Hi, having recently moved here and starting working with Indian guys I would love to be able to communicate a bit better with them in Hindi. I am looking for any Hindi speakers who would like to possibly give up a bit of their spare time to teach me  I would ask the guys I am working with but their English isn't always great so would be difficult.

Or.....can you recommend any classes? I can only find private lessons which are very expensive!

Thanks


----------



## ArabianNights (Jul 23, 2011)

I would have been happy to help.... but I am in Egypt. But seriously though, you wanna learn Hindi? Most Indians speak English anyway.


----------



## ibkiss (Feb 1, 2012)

I can help ... 
Is there any phrase/word ,you have in mind now ... :thumb:


----------



## katieshields (Jan 19, 2012)

Thanks  I need to learn everything really, enough to communicate in an office environment


----------



## ibkiss (Feb 1, 2012)

katieshields said:


> Thanks  I need to learn everything really, enough to communicate in an office environment


hokey dokey ...... 
You can give a shout for anything in that regard or PM me


----------



## Canuck_Sens (Nov 16, 2010)

Hi, 

Hindi is not an easy language to learn for English native speakers. English people already have a hard time with French imagine with Hindi. However, If you are planning to stay long term I would say go for it.

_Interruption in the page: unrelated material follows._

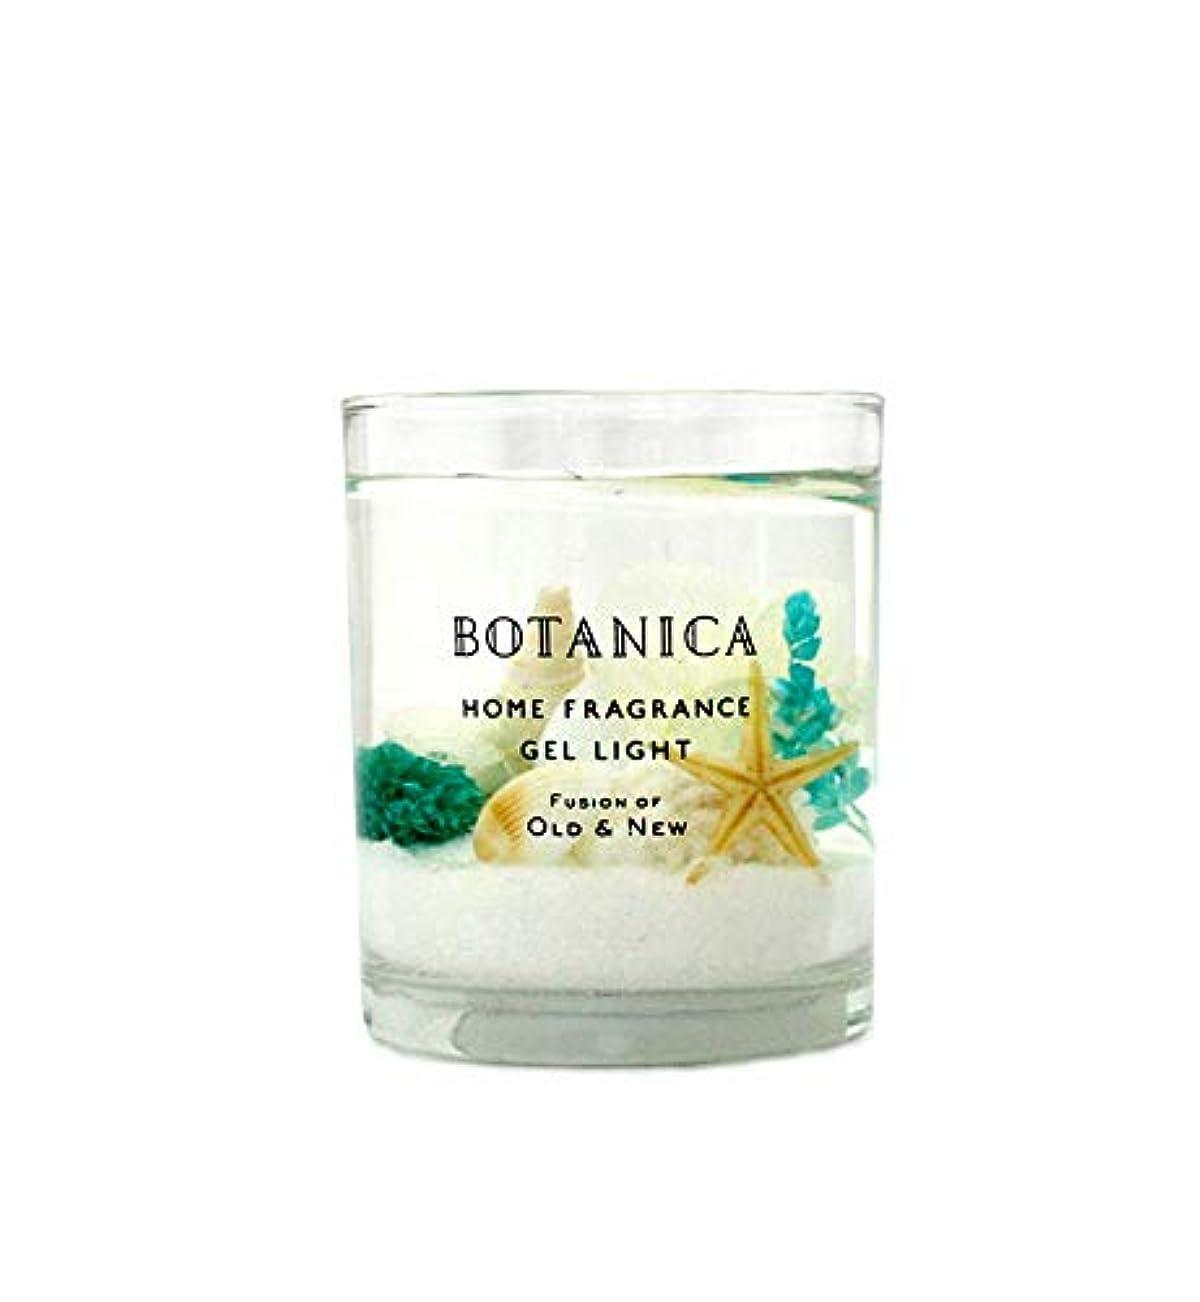 旋回レクリエーション放置BOTANICA(ボタニカ) BOTANICA ハーバリウムジェルライト クラリティーシェル Herbarium Gel Light Clarity Shell ボタニカ H75×Φ60mm/90g

Most Indians speak English as Arabian pointed out. And if you are nice at work and ask people to teach some words they will end up teaching you at work. Hands on training !!!


----------



## ArabianNights (Jul 23, 2011)

I dont know why. I find this rather odd. The UK has a large population of Indians, many who are students, working in part time jobs alongside British people. No one jumps in to learn Hindi to 'communicate' better with them. Dubai probably has around the same population of Hindi speakers, as London! I cannot help thinking that this is something much more ... aham...then is being put across.... maybe trying to impress someone, or a man... ahem...


----------



## ArabianNights (Jul 23, 2011)

katieshields said:


> thanks  i need to learn everything really, enough to communicate in an office environment


....


Just an office environment?


----------



## katieshields (Jan 19, 2012)

ArabianNights said:


> I dont know why. I find this rather odd. The UK has a large population of Indians, many who are students, working in part time jobs alongside British people. No one jumps in to learn Hindi to 'communicate' better with them. Dubai probably has around the same population of Hindi speakers, as London! I cannot help thinking that this is something much more ... aham...then is being put across.... maybe trying to impress someone, or a man... ahem...


No, I just don't want to be ignorant to all of the new languages I am coming across, why should I expect everyone to speak the same language as me and make no effort to speak theirs??? I also want to learn Arabic does that mean I have 2 men? I am from a small town up north so although London may have a big population of Hindi speakers I have yet to get within 300 miles of them....


----------



## ibkiss (Feb 1, 2012)

So its certain that there's no one to impress ..... Ahem !


----------



## Canuck_Sens (Nov 16, 2010)

katieshields said:


> No, I just don't want to be ignorant to all of the new languages I am coming across, why should I expect everyone to speak the same language as me and make no effort to speak theirs??? I also want to learn Arabic does that mean I have 2 men? I am from a small town up north so although London may have a big population of Hindi speakers I have yet to get within 300 miles of them....


 I just wished more anglophones had the same opinion as yours. Specially in Canada where almost free services are available for those who want to learn French.

Some federal institutions in Europe want to hire Brits and they cannot because it is pretty hard to find bilingual brits.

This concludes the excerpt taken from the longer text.